I’m trying to make an app to help me practice learning another language.
The advanced voice mode does what I need but it lacks custom functionality for specialized cirruculum and it also interupts too often and they don’t allow you to use the push to talk button like they did in the standard voice mode.
After creating what I wanted in python using the realtime model in the api, I realized the api version is basically useless as it cannot control the speed of it’s voice and seems vastly less intelligent than the app version. It also has much less expression and doesn’t seem to pick up on intonation and queues as well or at all.
It’s tremendously different from the app version and unfortunately kills my usecase.

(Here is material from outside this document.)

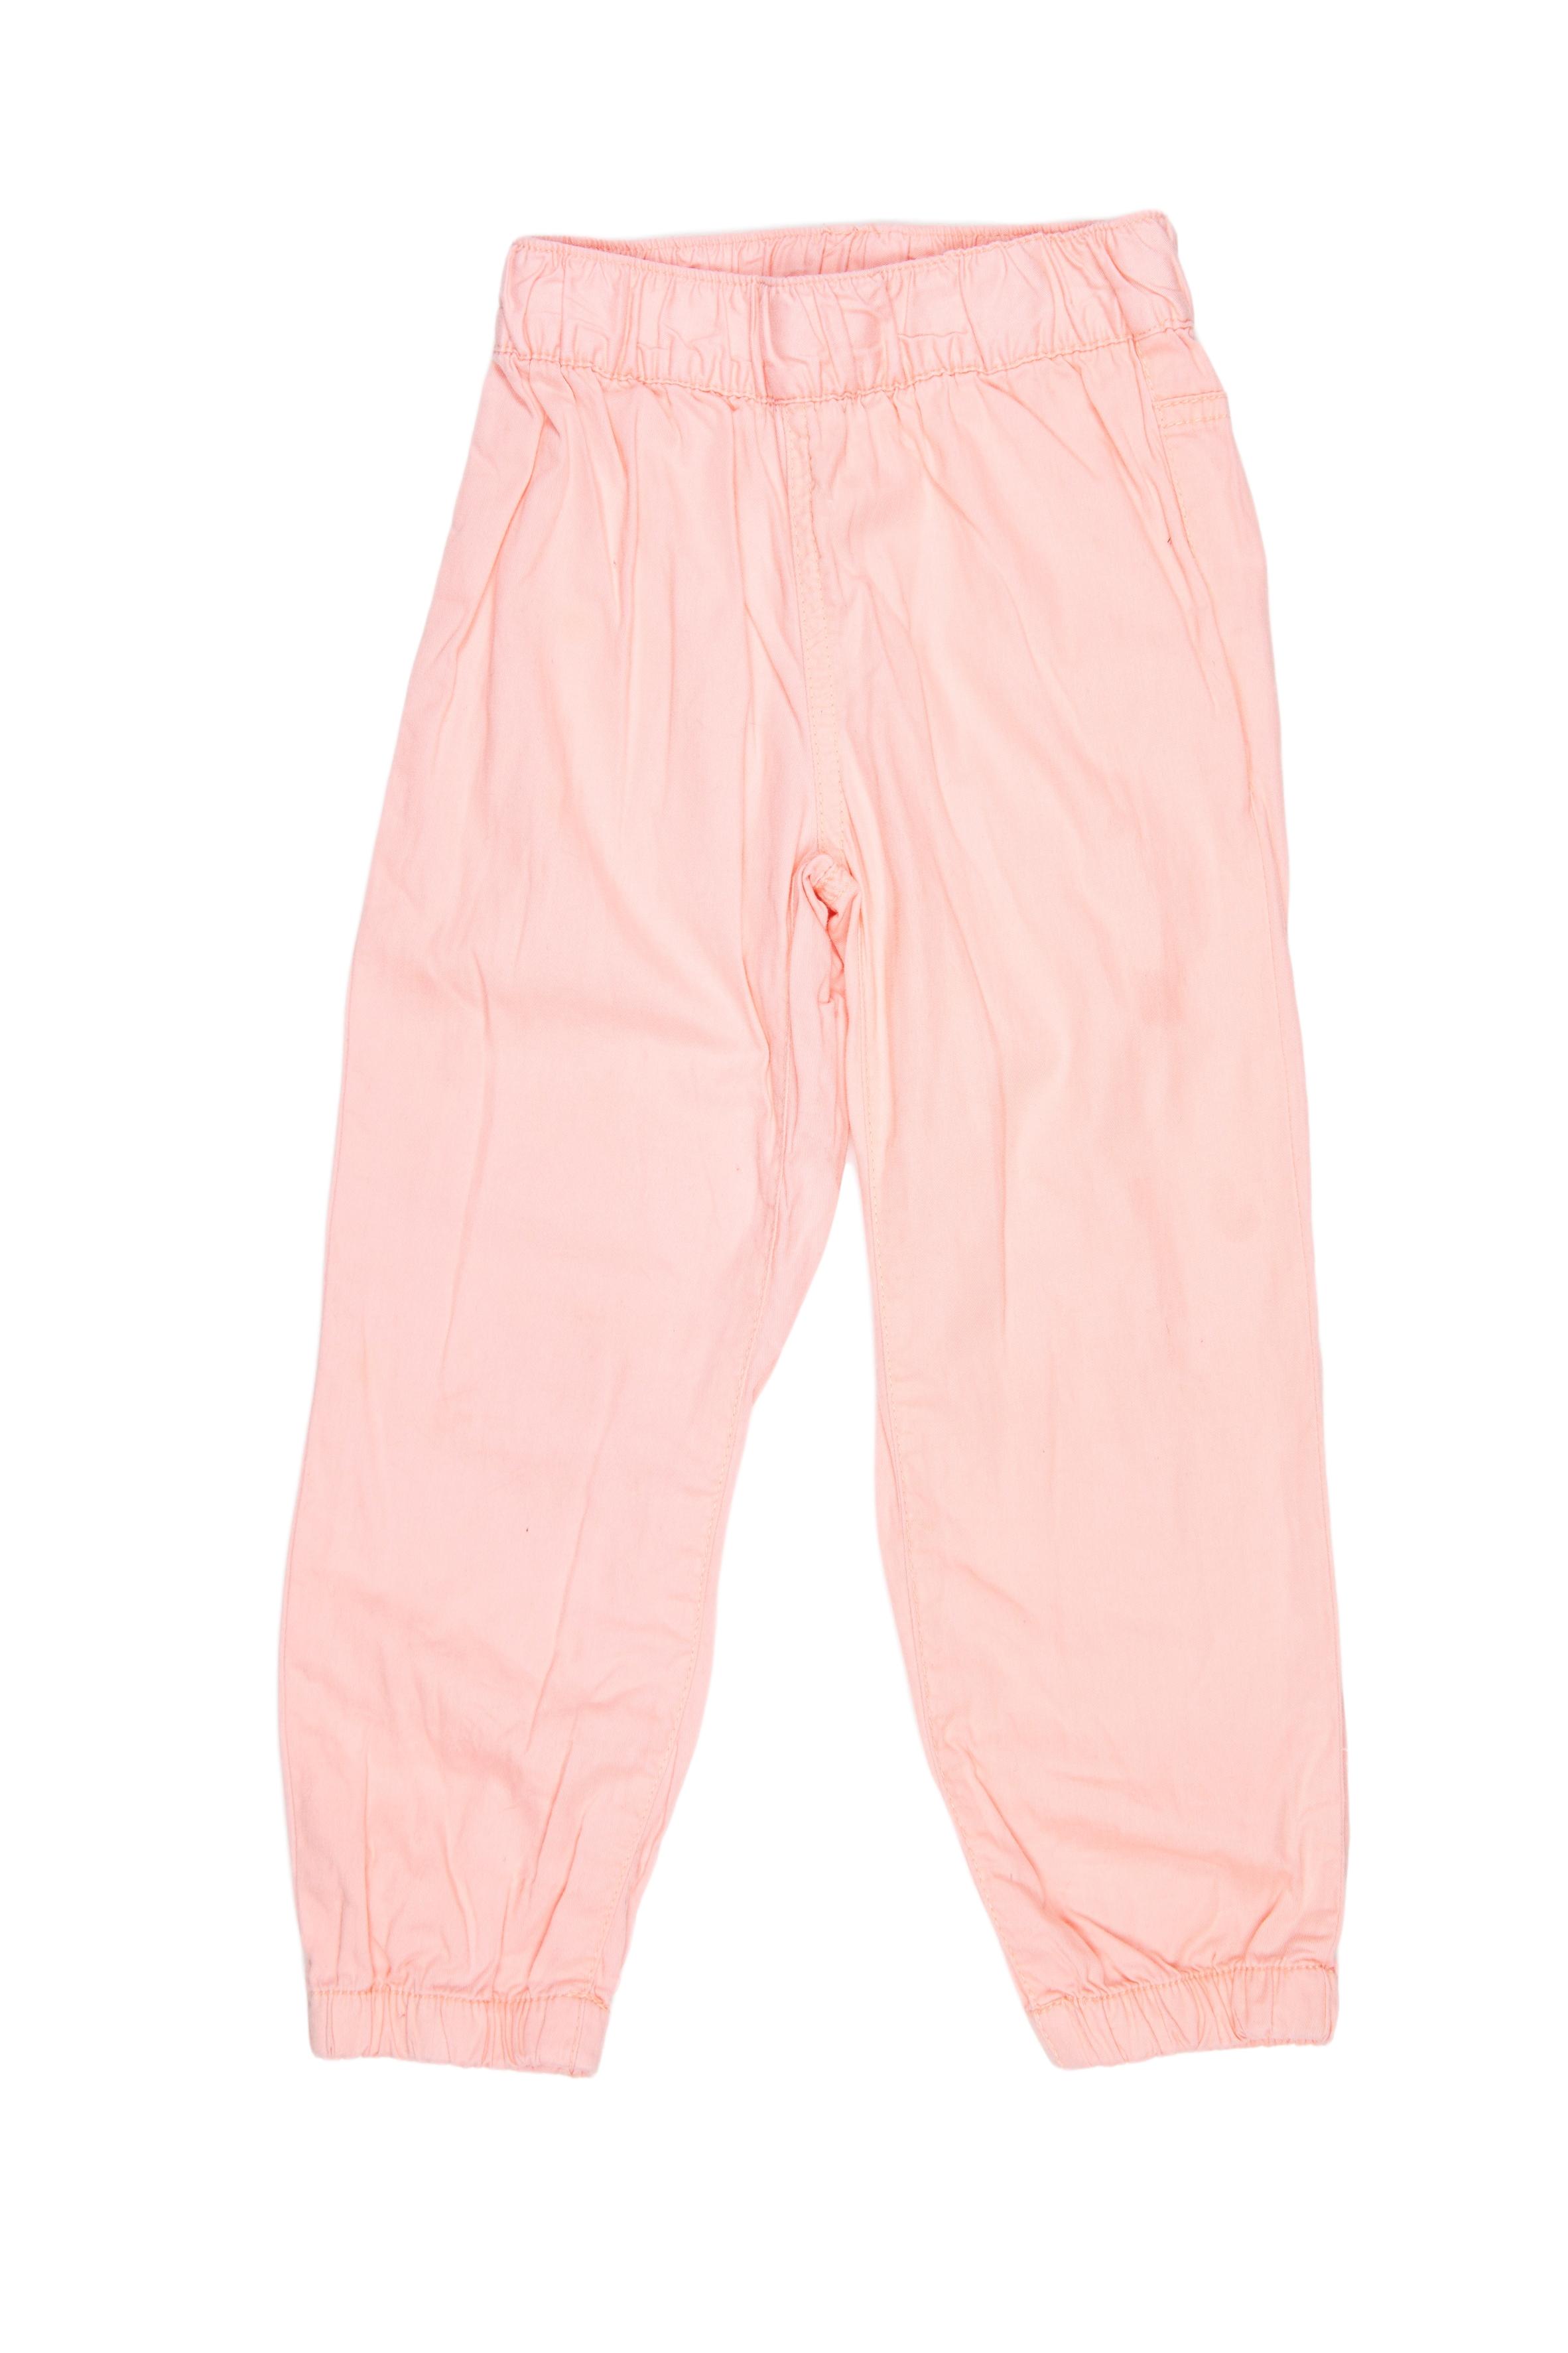 Pantalon de drill delgado color melon con elastico en cintura y tobillos. 100% algodón. Talla en etiqueta 3 - Yamp
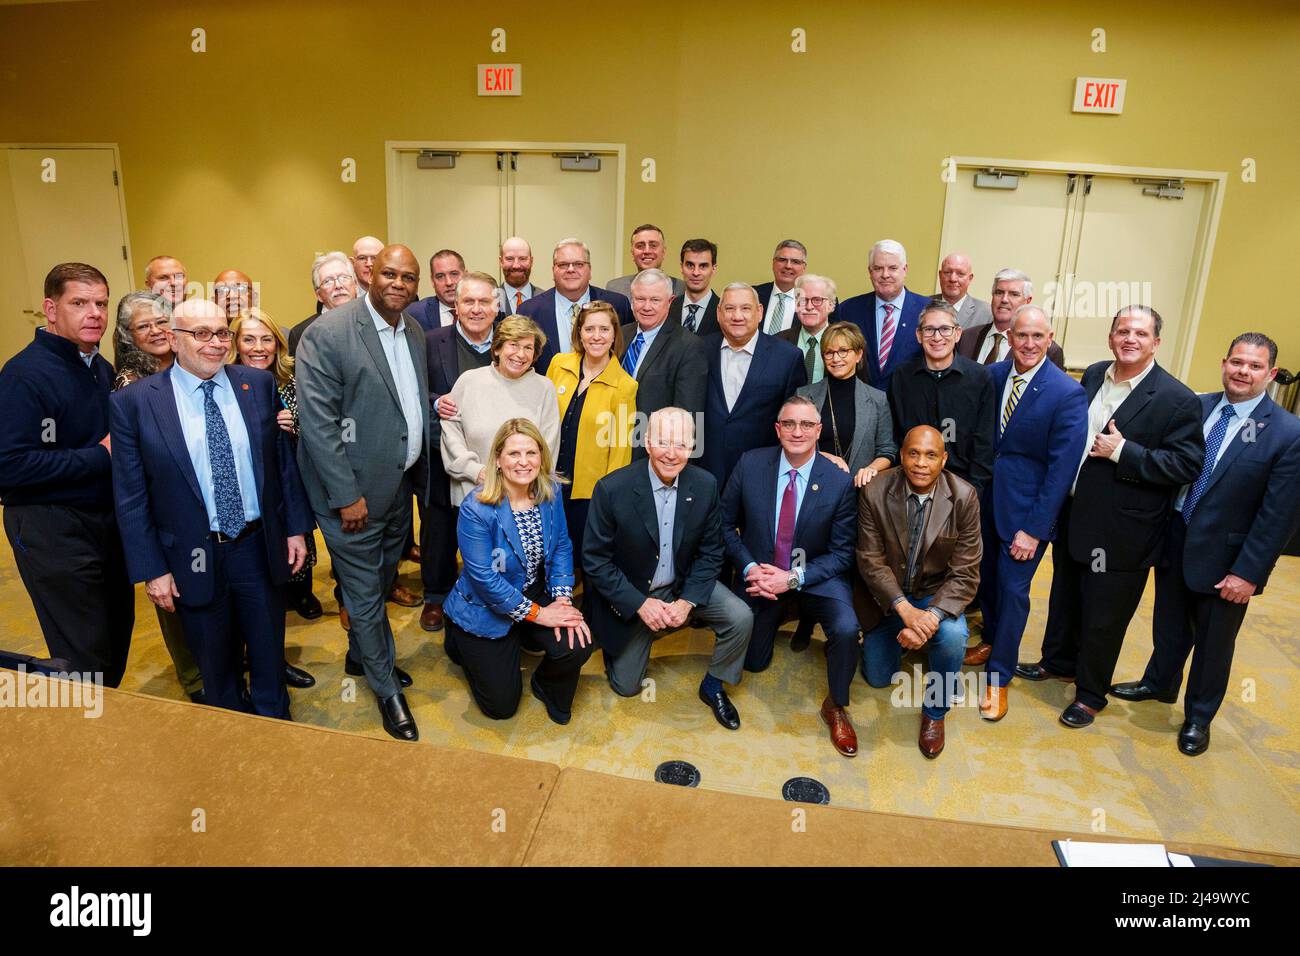 Le président Joe Biden rencontre des membres de la direction syndicale à l'hôtel Dupont à Wilmington, Delaware, le samedi 5 mars 2022. (Photo officielle de la Maison Blanche par Adam Schultz) Banque D'Images

Is it supposed to be like this?
Did they say the api version was a gimped version somewhere?
The API is a dev tool. Hence, devs have to write their own code for push-to-talk. How the model decides to start speaking based on the voice input can be influenced by the turn_detection parameter.
The voices Ash, Ballad, Coral, Sage, and Verse were introduced for their enhanced vocal intonation capabilities.
e.g. If you want the user to speak some long pause-intensive sentences, you can update the session with the create_response property on turn_detection to false - this will prevent the model from automatically generating a response when a VAD stop event occurs. Then once the user has stopped speaking and indicated that manually, you can trigger a response.create event to make the model start generating response.
I was discussing the difference between the advanced voice mode in the app and the API version. I am aware of everything you are saying. My point is, the API version is capable of only a small fraction of the things the app version is capable of, at the level it is capable of, whilst also being much less natural, inteligent and much less socially and intonationally aware. It’s a very watered down product, which is surprising since it’s meant for professional development. Maybe they don’t want people making scam calls with it? In any case, it’s not very usable for language learning unlike the app version. But the app version can’t be customized. Such a shame.
The new voices do work better than the old ones, but their quality is still much lower than the app version. The speech naturalness, their ability to recognize which language im speaking, the responses they give, their ability to control their speed of speech, ect are not very good.
Every single one of these posts ends up with the same response: silence. There is no official response from openAI anywhere I can only imagine they simply don’t want people to know or use their AVM. It’s too realistic and I assume they think people are going to scam with it. It still would be nice to have an official answer if it’s ever coming or not. In the meantime we have had better success with other TTS engines with a side effect of additional delays. Not ideal but does sound better than the terrible voices available in the realtime API.